Insurance consultant Jeremy Siu, 30, recently signed a pre-construction contract for a two-bedroom condo at Minto Westside, at Front and Bathurst Sts., that will register for possible LEED certification.
Liu considers himself part of a societal drift toward eco-friendliness. “I’m hoping that it’s a generational thing and that there are a lot of individuals like myself who keep it at the forefront of their daily living.”
Four green things at GTA condos and apartments
Green is becoming a popular shade for multi-unit dwellings. Some of the environmentally friendly initiatives at condos and apartments in the GTA include:
1) Green roofs: The Green Roof Bylaw adopted by the City of Toronto in May, 2009 mandates that a residential building with gross floor area greater than 2,000 square metres have a green, or planted, roof. The greater the floor space, the larger the green roof must be. Studies have shown green roofs improve air quality and reduce storm water flow, energy use and the urban heat island effect.
2) Recycled and recyclable materials: Steel has been recycled since the late 19th century. Blast furnace waste can partially replace cement in concrete. Used glass gets tossed in the mix for new windows. And some manufacturers, such as global carpeting giant Interface, take back their products when they’re worn out and re-use them.
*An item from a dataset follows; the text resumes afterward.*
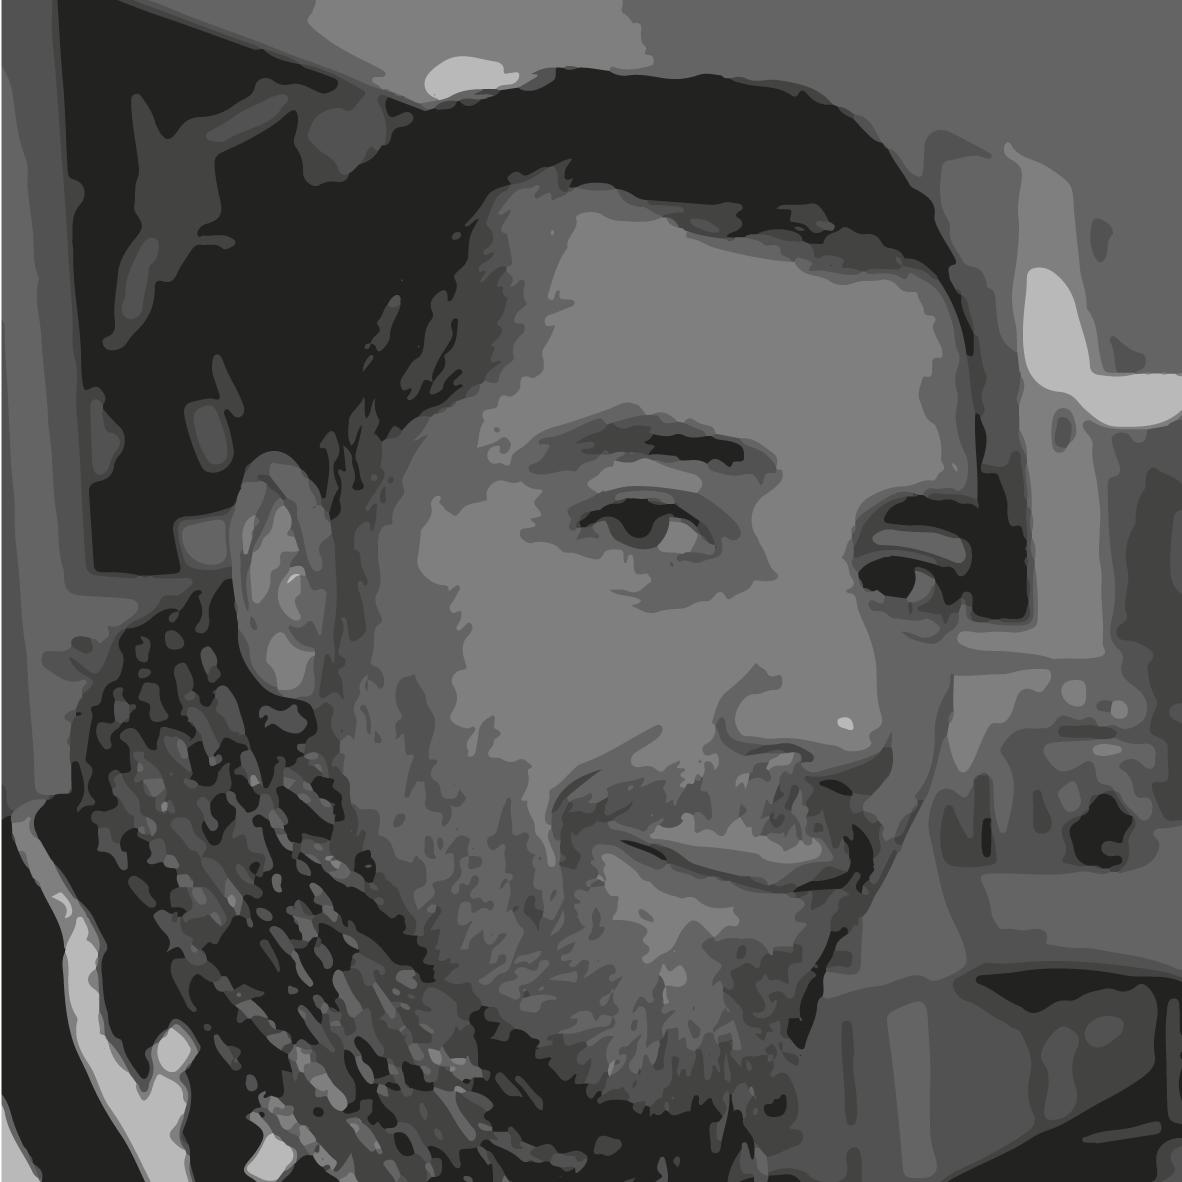 Kunstner Victor Ash     Web:       https://www.victorash.net/       Instagram:       https://www.instagram.com/victor__ash/

3) Individual meters for electricity, water and gas: Experts agree this results in greatly increased conservation, as compared to buildings where utility costs are shared equally, where people who try to conserve end up subsidizing neighbours who keep the lights on all the time and have a big, hot bath every day.
4) Electrical car charging stations: With some experts predicting an imminent surge of electric cars — or, at least, hybrids — on the road, condo developers are taking note. The Minto group installed electric vehicle (EV) charging stations in its buildings but got very little uptake. So last year it offered a free Nissan Leaf to the first 20 buyers at its Toronto Bside development who also purchased an EV-outfitted parking space.